A unique constraint implemented as a trigger checking hashed geometry seems like a good idea, that is until I applied it to a multi-10GB dataset. Not surprisingly, it starts off fast on inserts, and slows down a lot as time goes on. So, I thought I’d approach duplicates another way, by deleting them once they exist.

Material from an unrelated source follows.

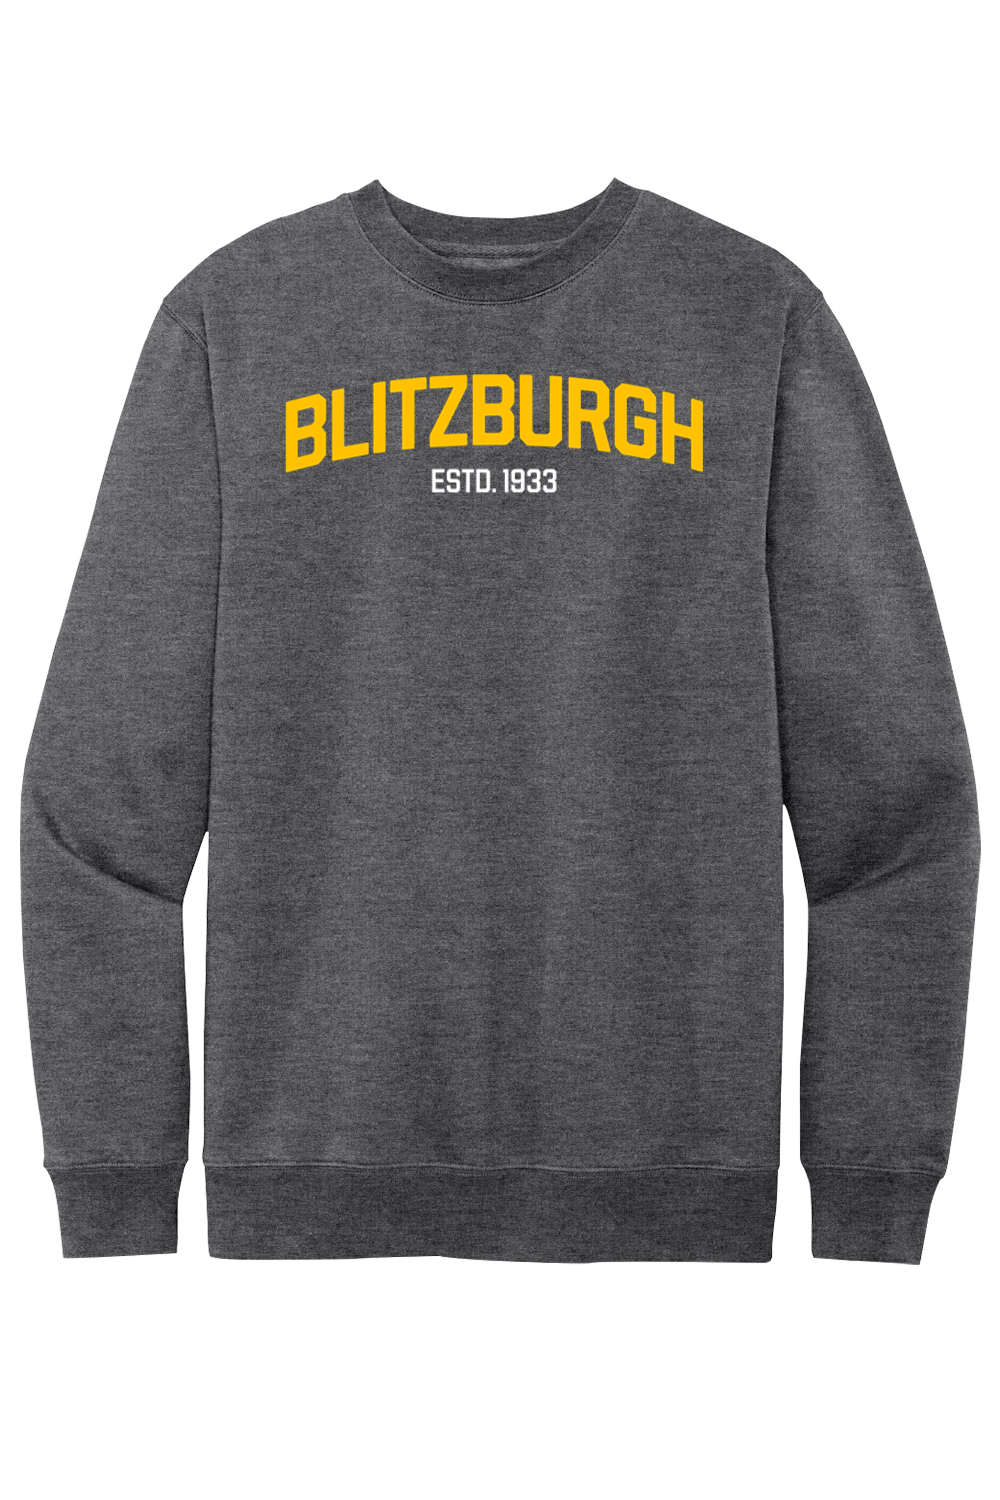 Blitzburgh Estd. 1933 - Fleece Crewneck Sweatshirt - Yinzylvania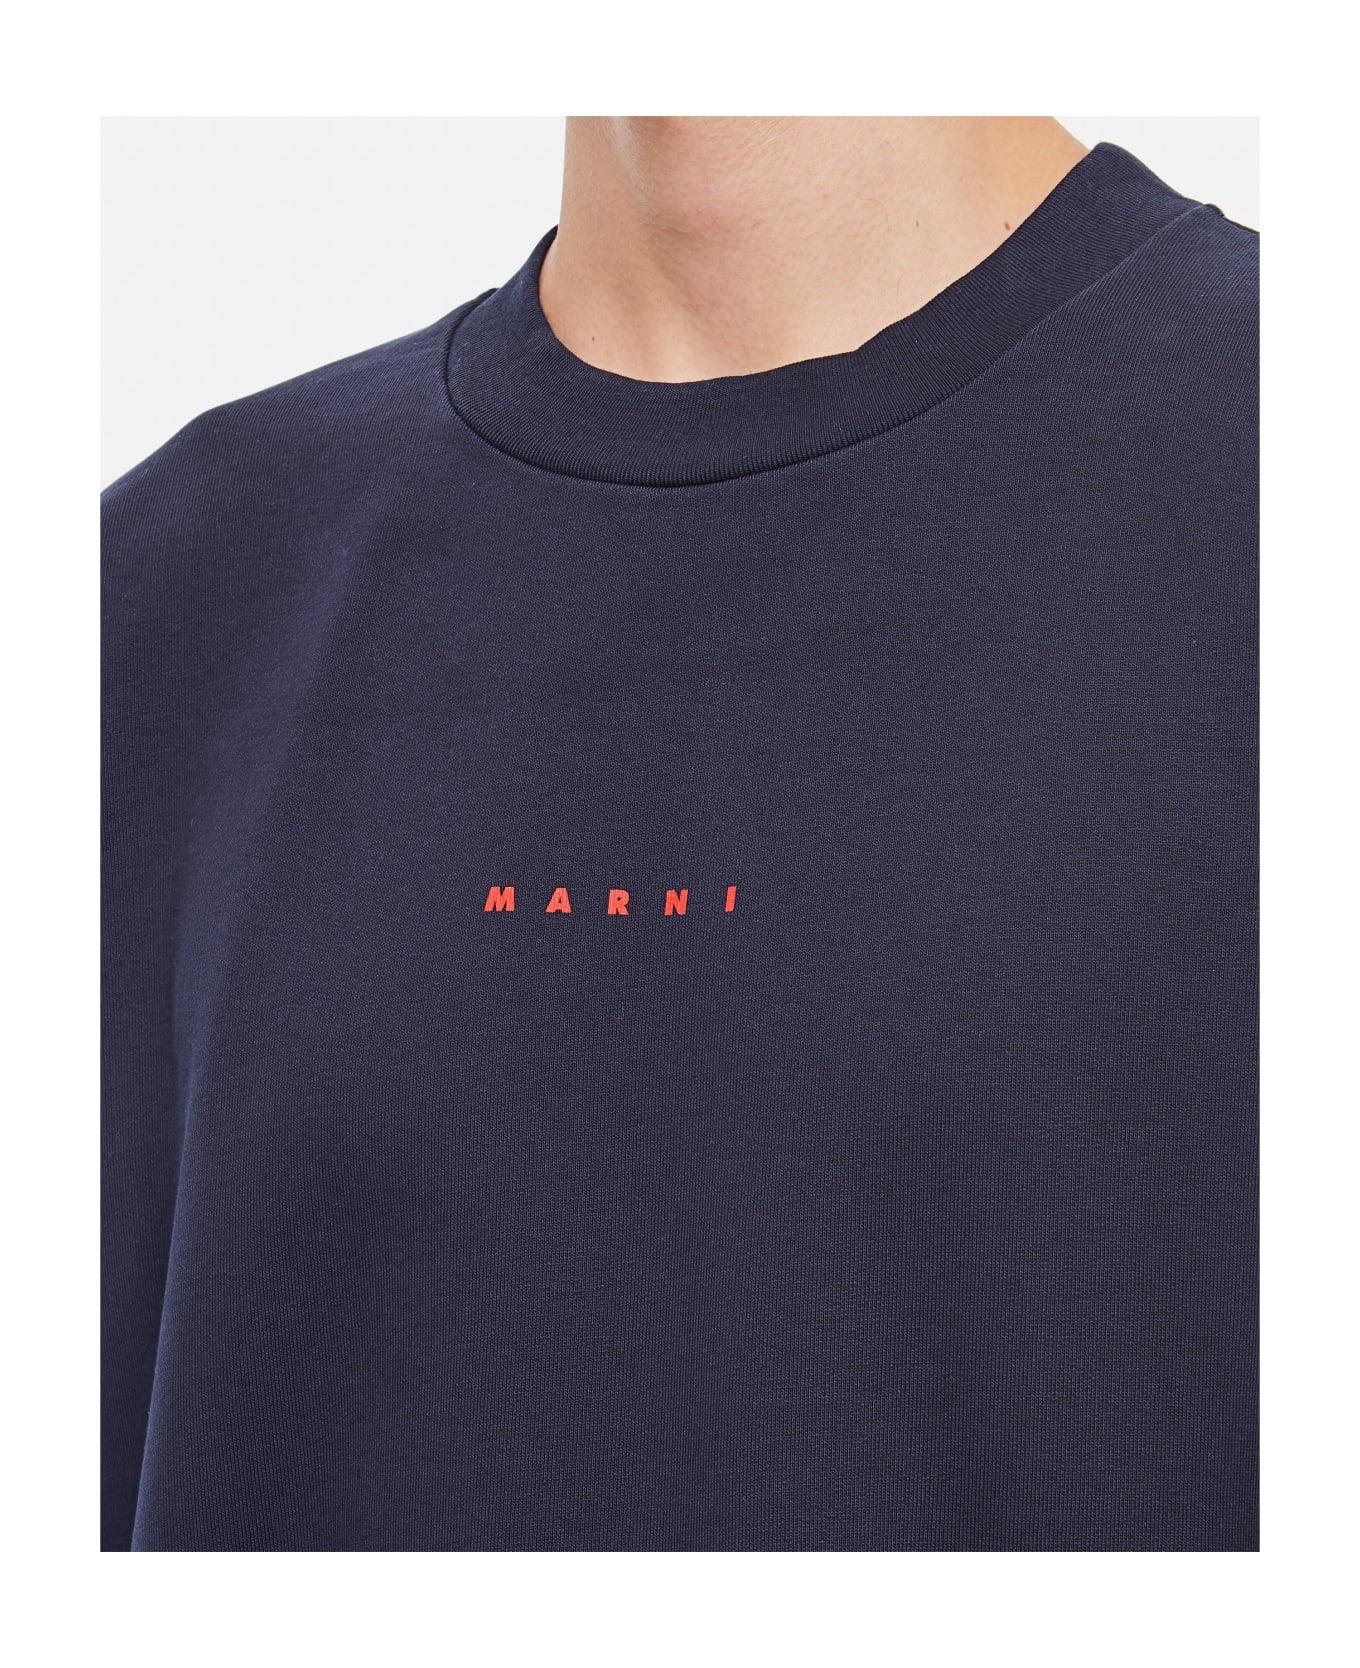 Marni Cotton Sweatshirt - Blumarine

So for my table:
base.cuy_contours_2
I have hashed my geometry, and added an index:
UPDATE base.cuy_contours_2 SET hash = MD5(ST_AsBinary(the_geom)); CREATE INDEX cuy_contours_2_hash_idx ON base.cuy_contours_2(hash);
I will follow by deleting the duplicate geometries by checking the hashed geometry:
DELETE FROM base.cuy_contours_2 WHERE gid NOT IN (SELECT MAX(dup.gid) FROM base.cuy_contours_2 as dup GROUP BY dup.hash );
But, after a very long time, I get an error:
ERROR: could not read block 356366 of relation 1663/17185/12118368: Permission denied
So, it’s a down week, and most of my maps are cached, so we’ll take the postgres service down, and run it in single user mode:
postgres --single -D c:\postgre_data CM
And rerun the command on one line, per single user mode, with no semicolon:
DELETE FROM base.cuy_contours_2 WHERE gid NOT IN (SELECT MAX(dup.gid) FROM base.cuy_contours_2 as dup GROUP BY dup.hash );and hope for the best… .
Oh and thanks to :
For help with this one.
This didn’t work and I don’t know why… . Instead I’ll try making a copy of the table with the following language construct and hope for the best… .
SELECT *
FROM base.cuy_contours_2
ORDER BY hash ASC
LIMIT 1;